Abstract
The experience gained in North-West Center for Endocrinology and
Endocrine Surgery (St.Petersburg, Russia), performing about 6000 endocrine surgeries
annually, shows that in a significant part of patients presenting with differentiated
thyroid cancer, it is possible to perform organ-preserving surgeries and to avoid using
radioactive iodine therapy.
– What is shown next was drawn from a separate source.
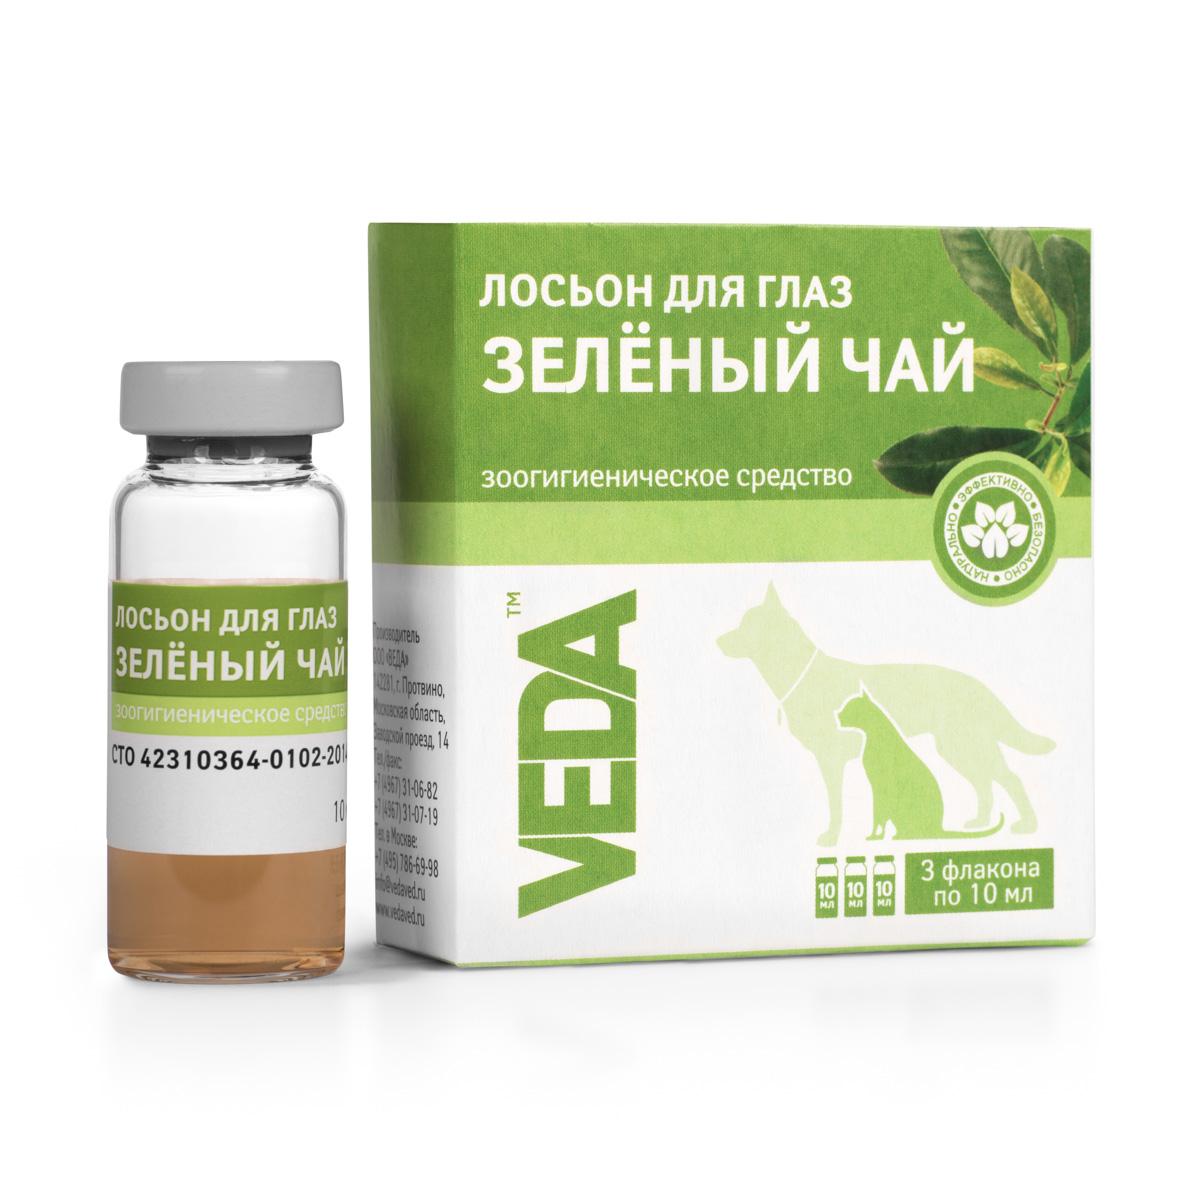 Лосьон для глаз VEDA Фитогигиена. Зеленый чай, для кошек и собак, 3 шт х 10 мл12171996Лосьон для глаз VEDA Фитогигиена. Зеленый чай применяют для гигиенической обработки глаз собак, кошек и других мелких домашних животных при предрасположенности слизистых к воспалениям, раздражениям, сухости. Лосьон является отваром листьев зелёного чая, обладающего антибактериальными, смягчающими и вяжущими свойствами. Очищает от выделений, снимает отёки и красноту глаз.Подходит для частого применения.Состав: вода очищенная; извлечение из растительного сырья, соответствующее названию лосьона: листьев зеленого чая.Товар сертифицирован.

Such tactic are possible only in the settings of the presence
of high-quality preoperational cytological diagnostics, thorough following the preoperative
examination protocol (ultrasound examination of the neck area performed by
the operating surgeon and by the Head of the clinics, further computed tomography of
the chest in all the patients with cytological diagnosis of Bethesda 6, screening of
medullary carcinoma using calcitonin blood tests), performing radical resection of the
primary tumor with a wide use of preventive central cervical lymph node dissection
controlled by intra-operative neuro-monitoring, as well as in the settings of long-term
follow-up by the operating surgeons employed in the clinic. Radioactive iodine therapy
is an integral phase of therapy for locally advanced tumors and tumors with the
presence of distant metastases or high risk of the distant metastatic activity. Making the
decision on the necessity of radioactive iodine therapy is possible both based on the
evaluation of primary tumor characteristics and the evaluation of blood levels of
thyroglobulin and antibodies to thyroglobulin.
Keywords: Central neck dissection, Hemithyroidectomy, Radioactive iodine therapy, Thyroid cancer, Thyroid cytology.